What is it about our system that throws up such people? Why do we have so many good seeming ideas and so little progress? Why would countries engage in nationalism, "ethnic cleansing," genocide? Why do people do these things?

Well the answer is fundamental darkness. But fundamental darkness isn't simply "ignorance," but is "ignore-ance" combined with human needs; hunger, animosity, fear. The "Devil" isn't image-able, anymore than "God" is. Good and evil are distinctions we have to make as human beings. And we fail at this because we find it more expedient to fight than to cooperate, more productive individually to gamble on winning it all than to play it safe. These are all choices. There is nothing in capitalism, marxism, Islam, or Christianity that mandates incessant and permanent human conflict. These are choices we make. We make the choice to stake out territories and to fight over them. To play king of the hill, and combine that win "winning is everything" philosophy so that the losers instead of being simply pushed off the hill are killed.
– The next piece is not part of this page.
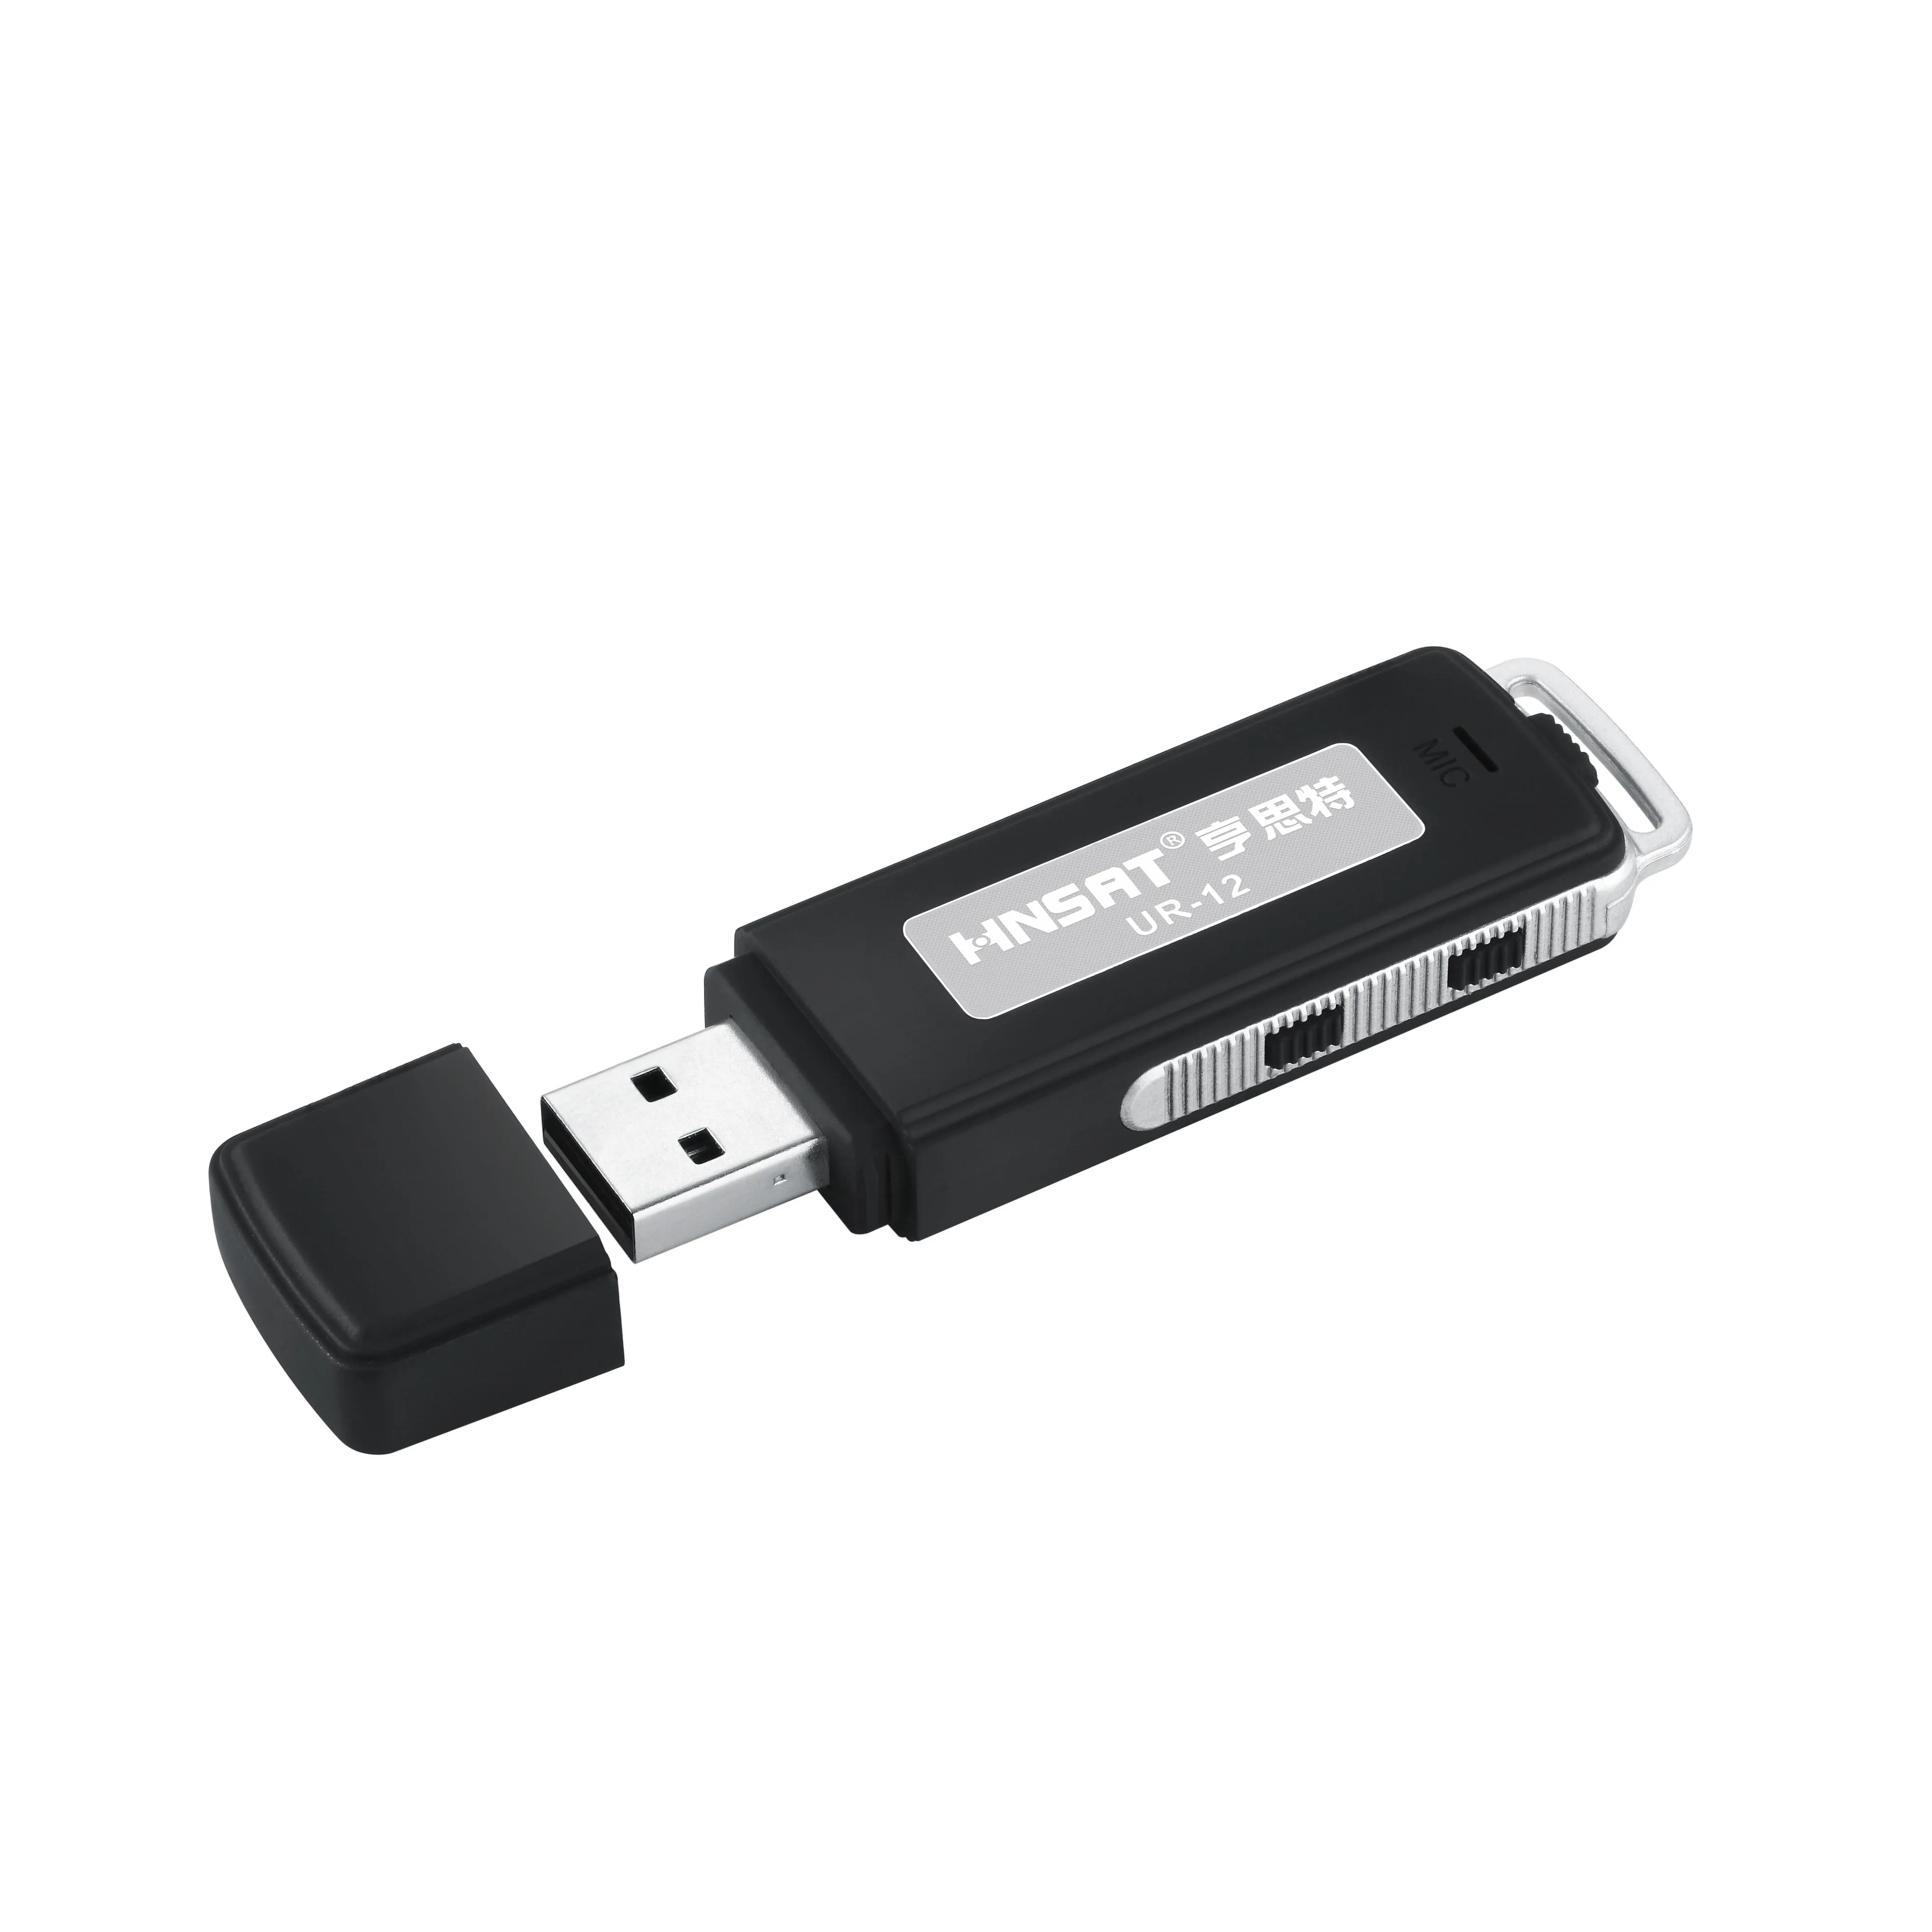 product-Hnsat-4GB Small Recording Device USB Voice Recorder Hidden Spy Recorder-img

And this game of "king of the hill" is a phyrric one. Those who win these battles do so at the expense of their own enlightenment, their own long term advancement, even their own long term happiness. Adam Smith was right about the advantages of specialization and trade. Marx, and Andrew Jackson, were right about the evils of Class Warfare, and the stupidity of creating classes of permanent wealth. Jefferson was right about "all men are created equal." Mohammed was creating a moderately improved concept over that of the Polytheistic Arabs he lived among and the Jews and Christians of the time.

The founder of Christianity were seeking to improve the lot of the Jews of Palestine and bring about a better world. They didn't expect that their Messiah would be turned into an Anti-messiah (Anti-Christ) by the Romans and Greeks. And the early Christians were trying to create a "Kingdom of Heaven" that would be reflected on Earth as well as Heaven. Why Christians aren't more fundamentalist and less willing to accept the cons of later generations I do understand -- but I don't accept.

We've had the heroes with their better concepts. Why do we listen to the anti-heros with their anti-religion concepts? Why listen to Osama and preachers of hate? Why be literalist when the context demands figurative, and be figurative when something is so baldly put as "Do Unto Others as you would have them do unto you?" Why because of anger, hunger, fear and hate. If we conquer those things we may make progress.